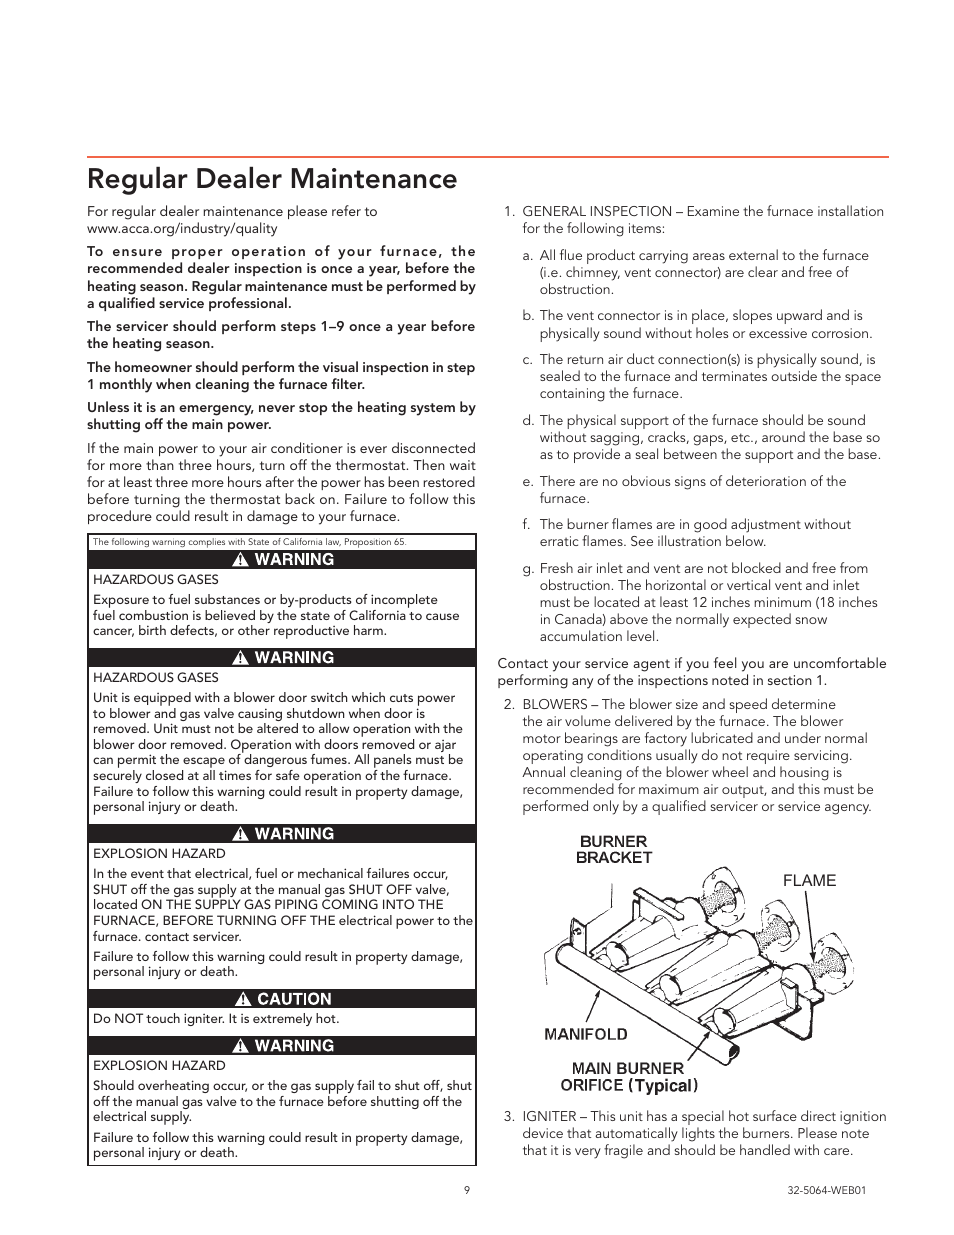 regular dealer maintenance trane xr80 user manual page 9 12 rh manualsdir com trane xr80 manual pdf trane xr80 furnace installation manual
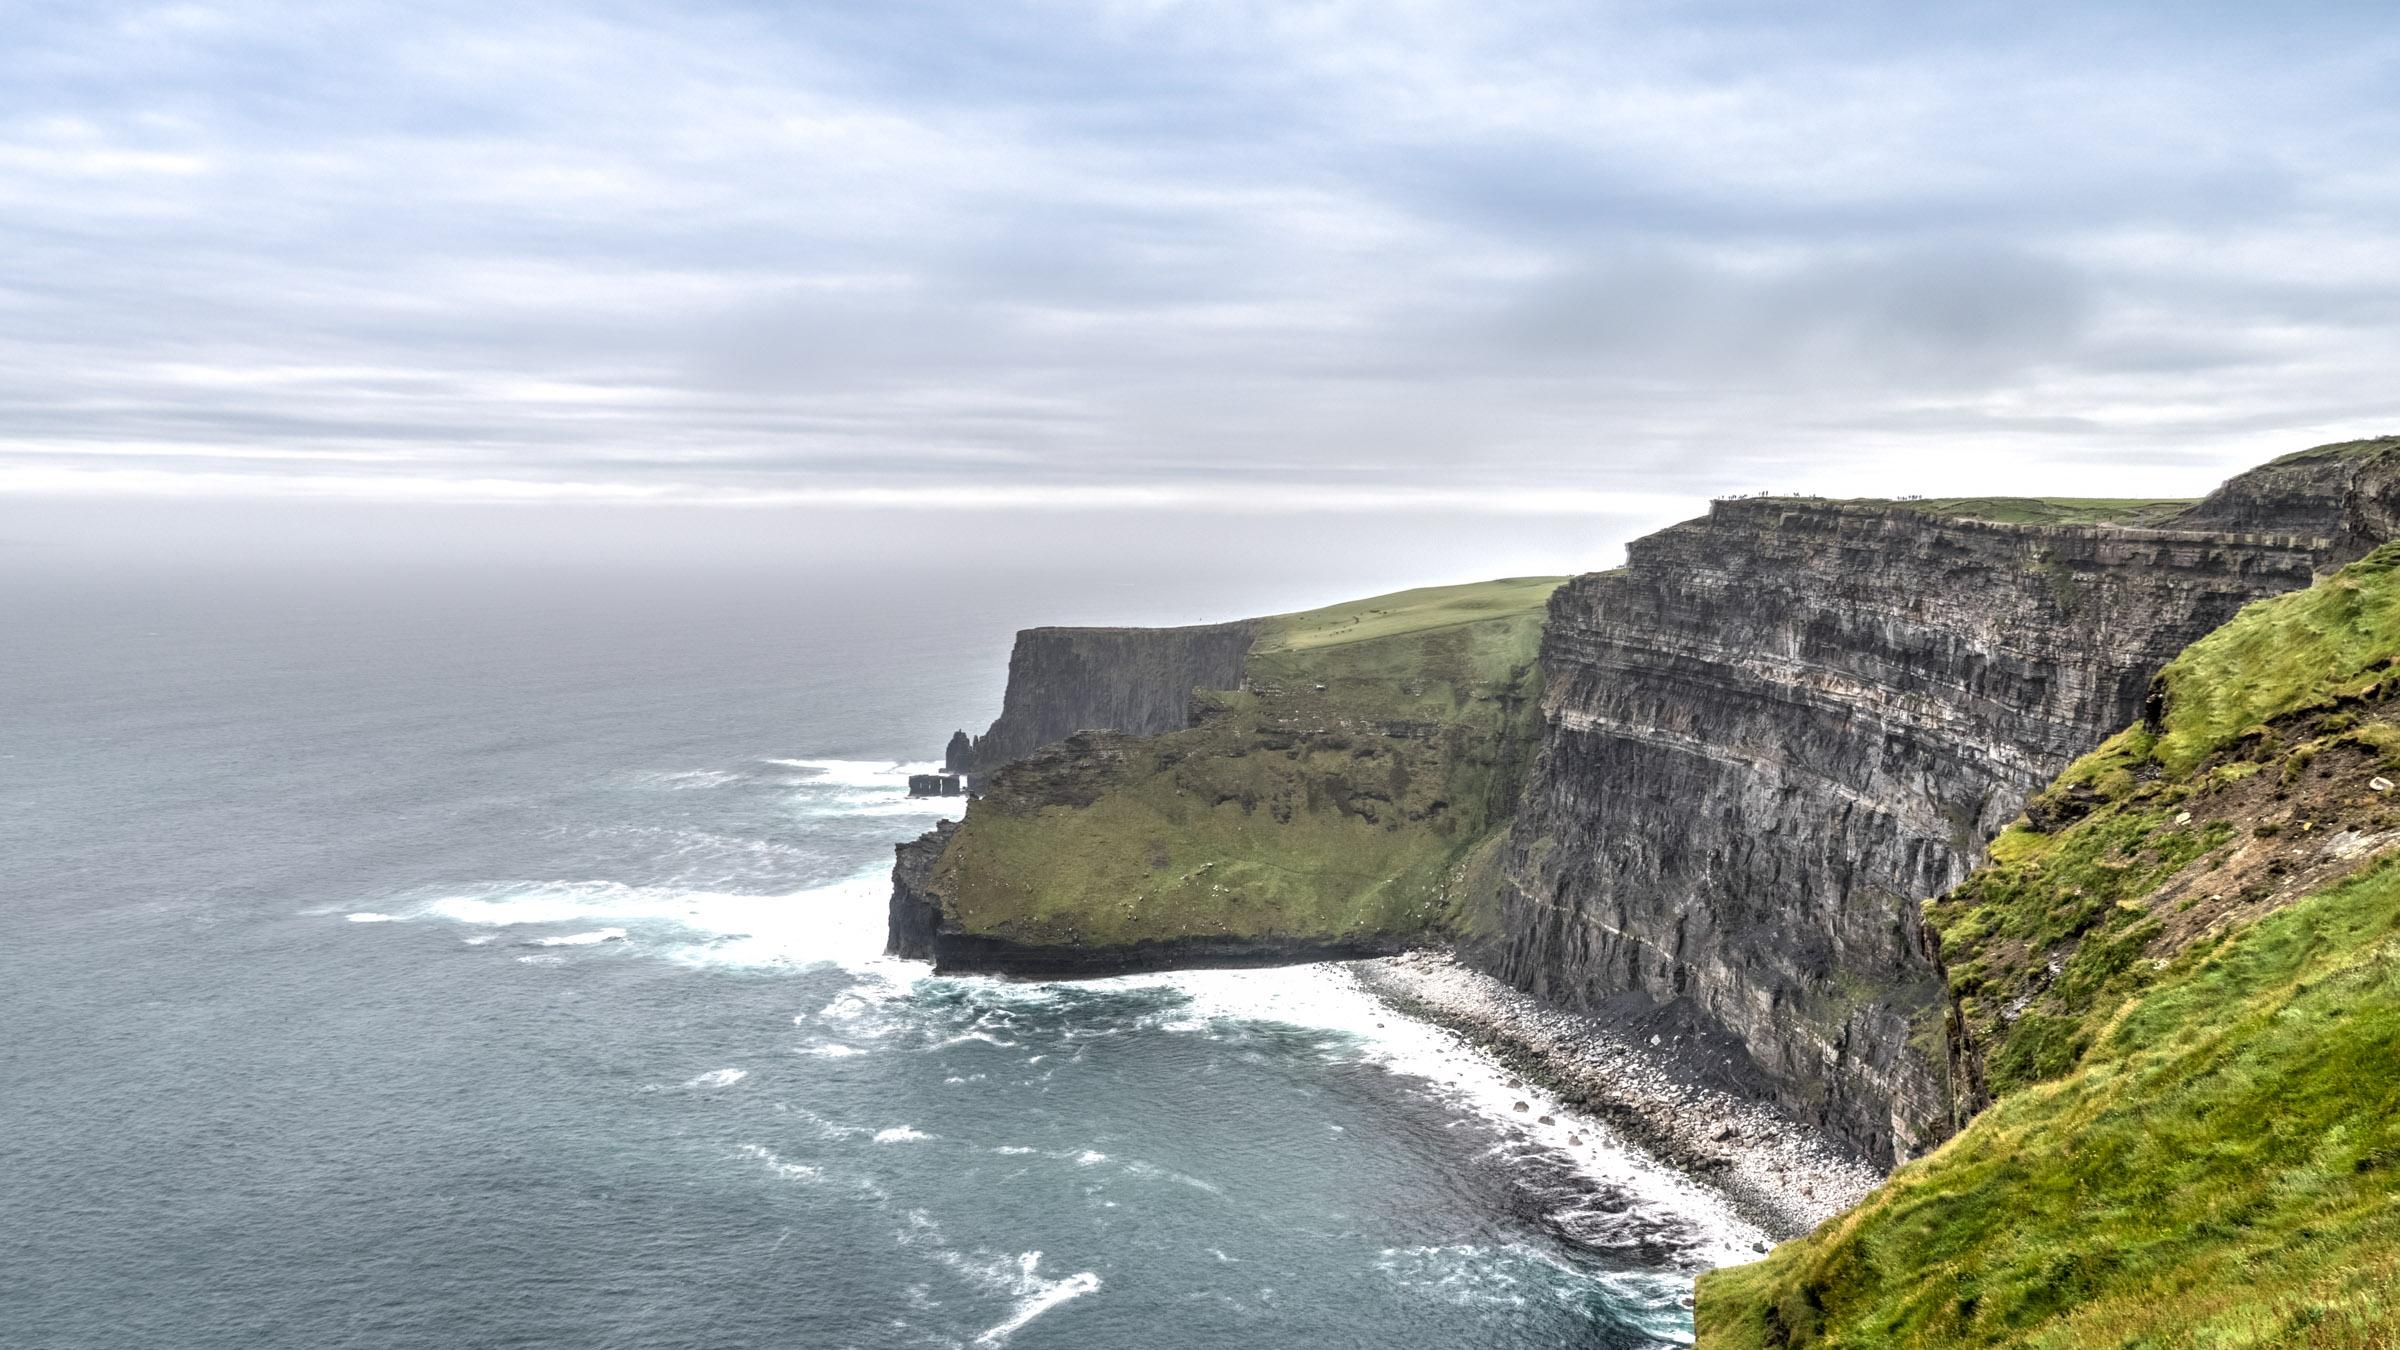 Ireland-3496-HDR-EditAnd2more_Optimizer-2
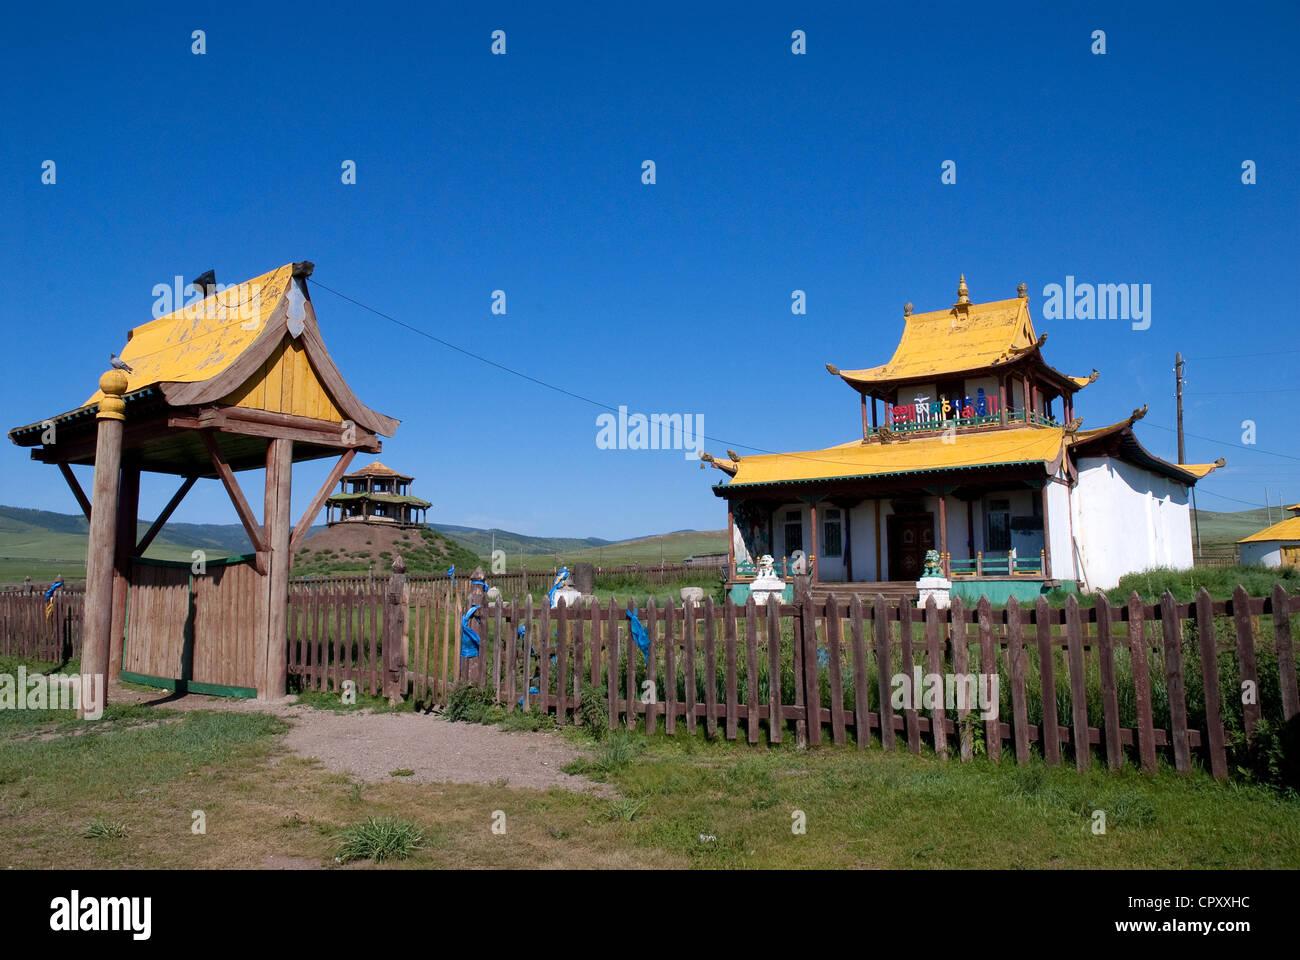 Mongolia, Ovorkhangai Region, Buddhist monastery - Stock Image

++++++++

WHAT YOU NEED TO DO
The expected answer is the listing above, duplicated exactly, with its pictures removed.

TASK RESULT
 regular dealer maintenance trane xr80 user manual page 9 12 rh manualsdir com trane xr80 manual pdf trane xr80 furnace installation manual
 Ireland-3496-HDR-EditAnd2more_Optimizer-2
 Mongolia, Ovorkhangai Region, Buddhist monastery - Stock Image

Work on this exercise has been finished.